The required output is the stretch from the line containing "Lewis Hamilton Mural" through the line containing "up close shot" in the records below, unaltered and with no pictures.

**EXERCISE MATERIALS**.
###

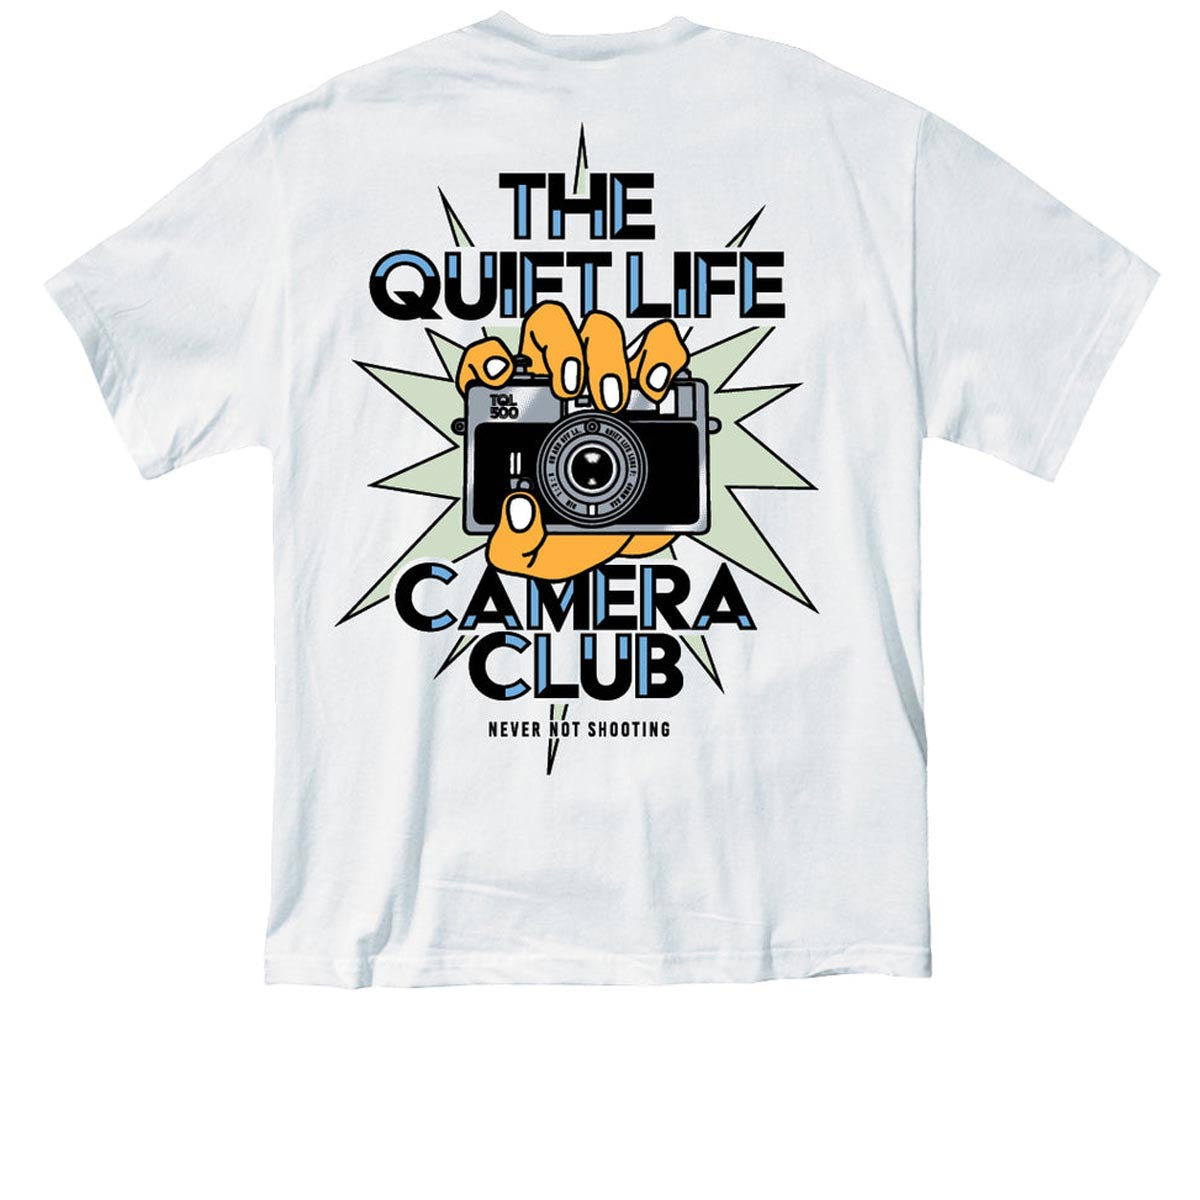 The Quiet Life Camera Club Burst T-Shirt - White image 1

###

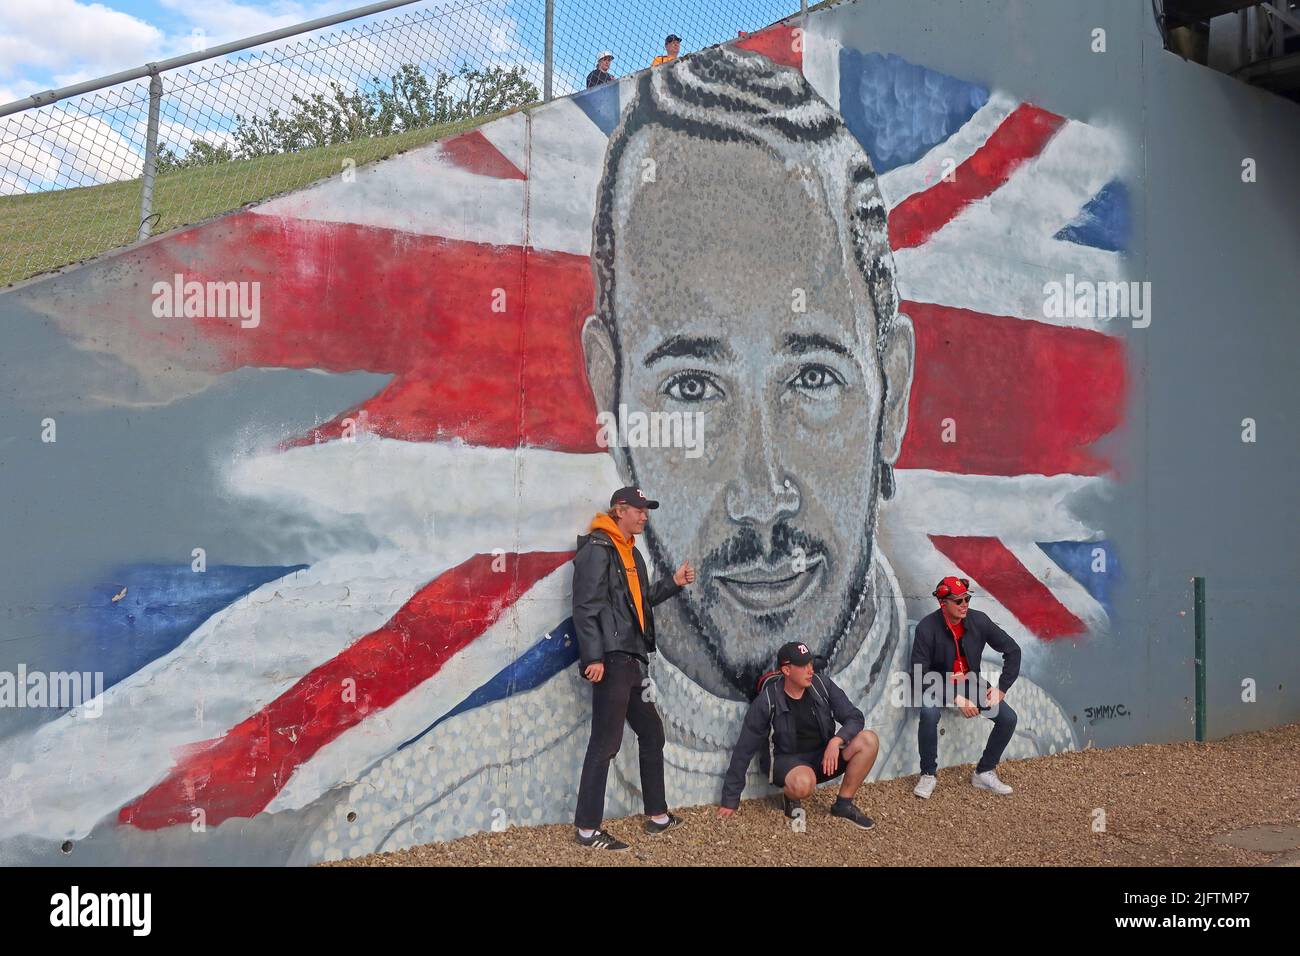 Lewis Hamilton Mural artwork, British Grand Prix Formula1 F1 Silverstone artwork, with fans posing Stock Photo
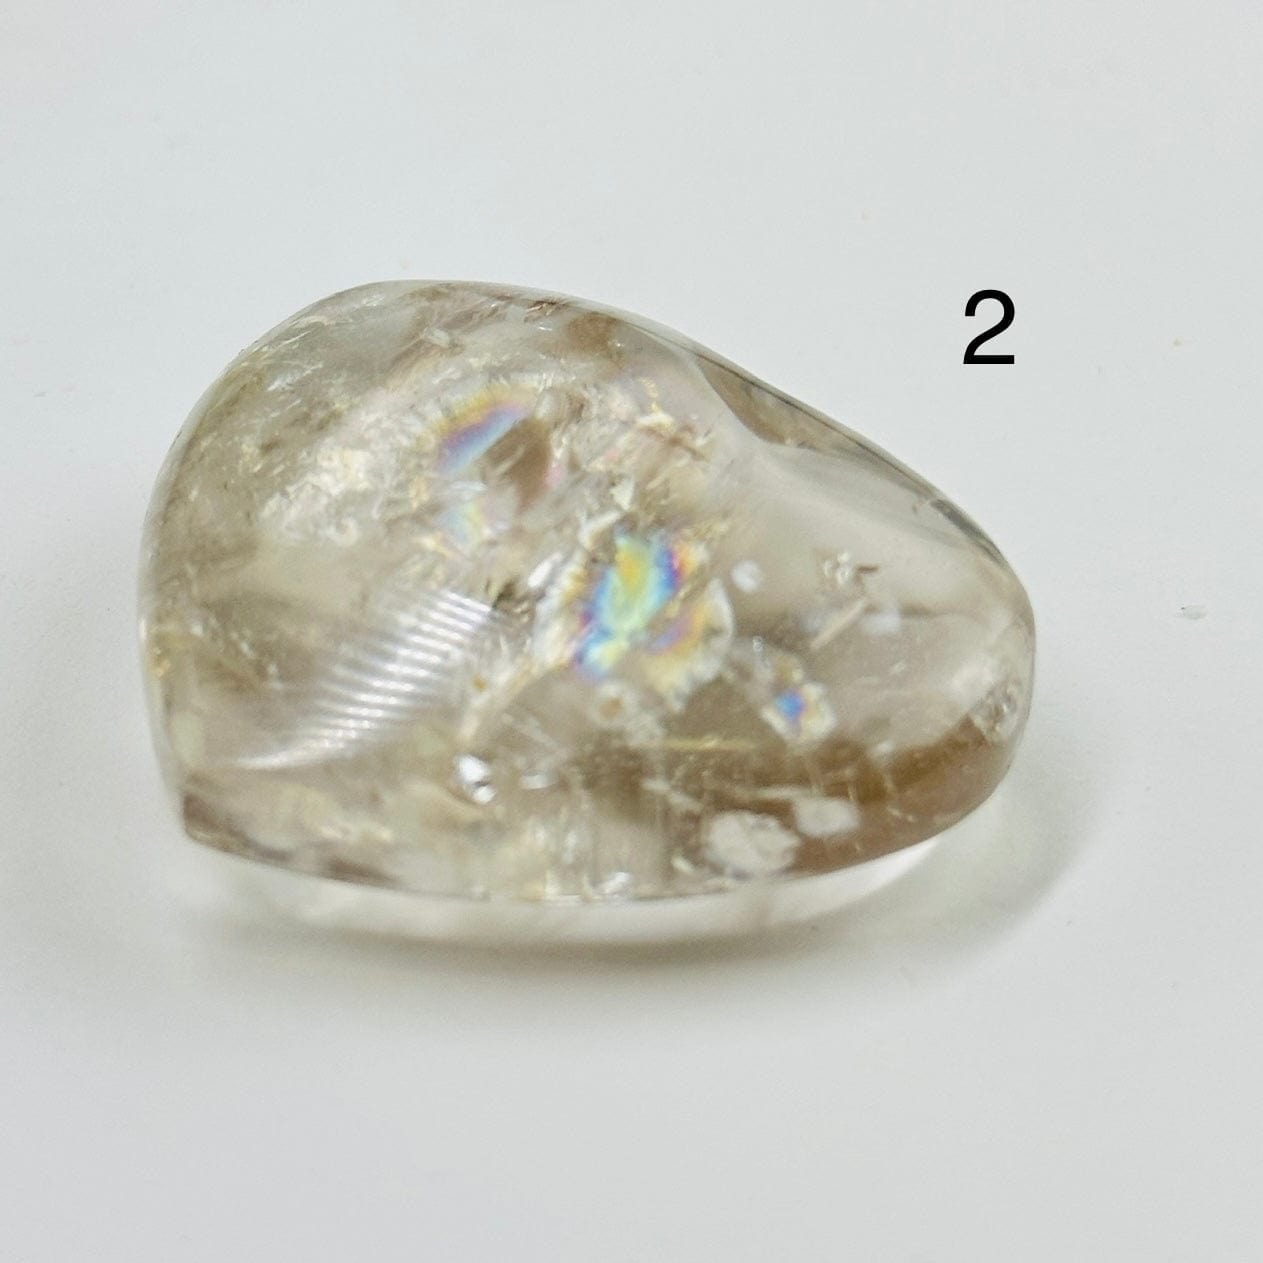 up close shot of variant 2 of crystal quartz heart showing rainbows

###

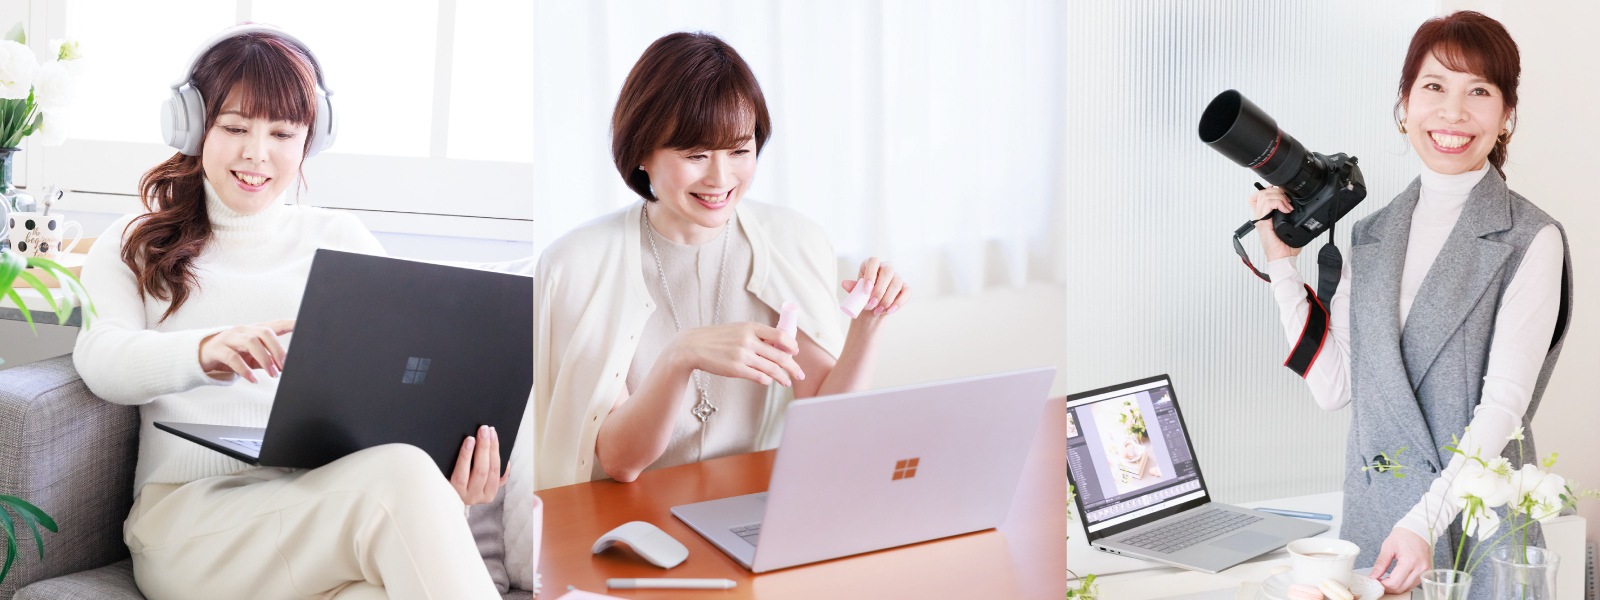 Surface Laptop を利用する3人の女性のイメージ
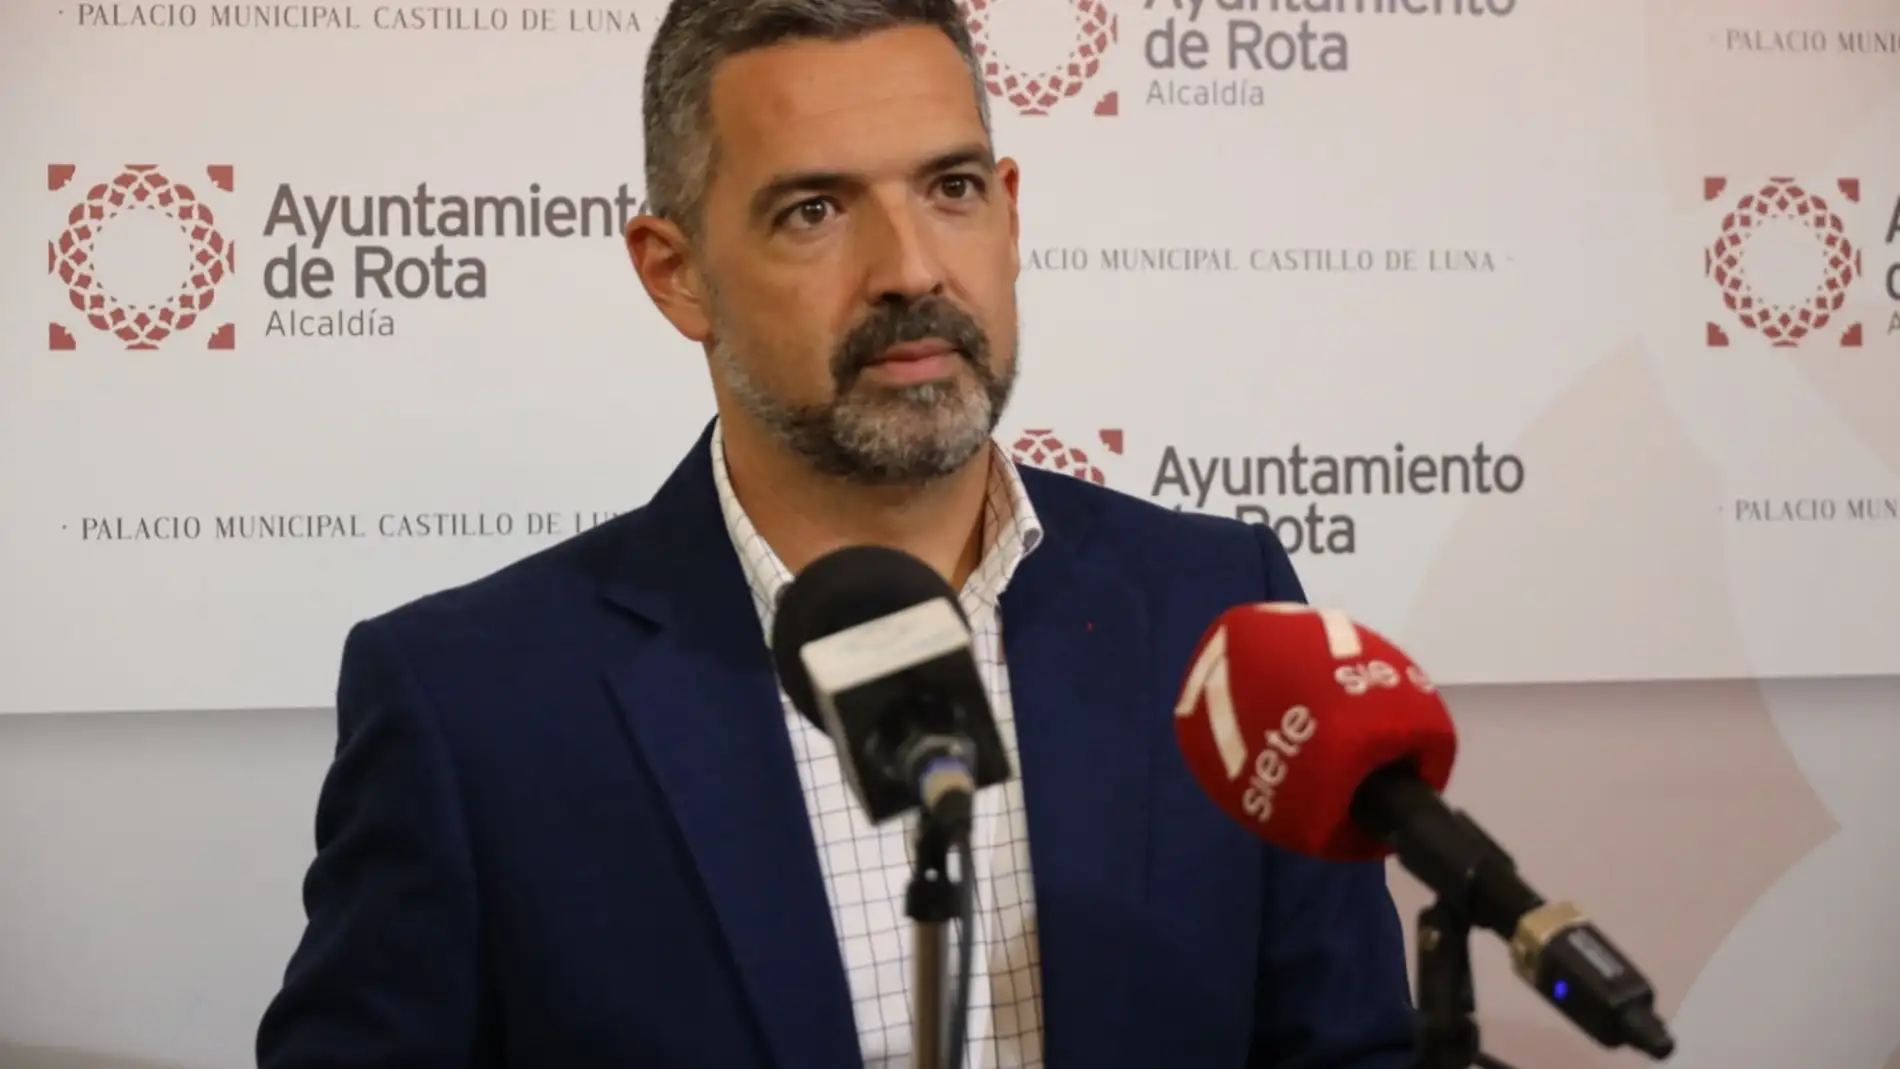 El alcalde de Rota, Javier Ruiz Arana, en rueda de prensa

###

**WRITTEN RESPONSE**.
 Lewis Hamilton Mural artwork, British Grand Prix Formula1 F1 Silverstone artwork, with fans posing Stock Photo
 up close shot of variant 2 of crystal quartz heart showing rainbows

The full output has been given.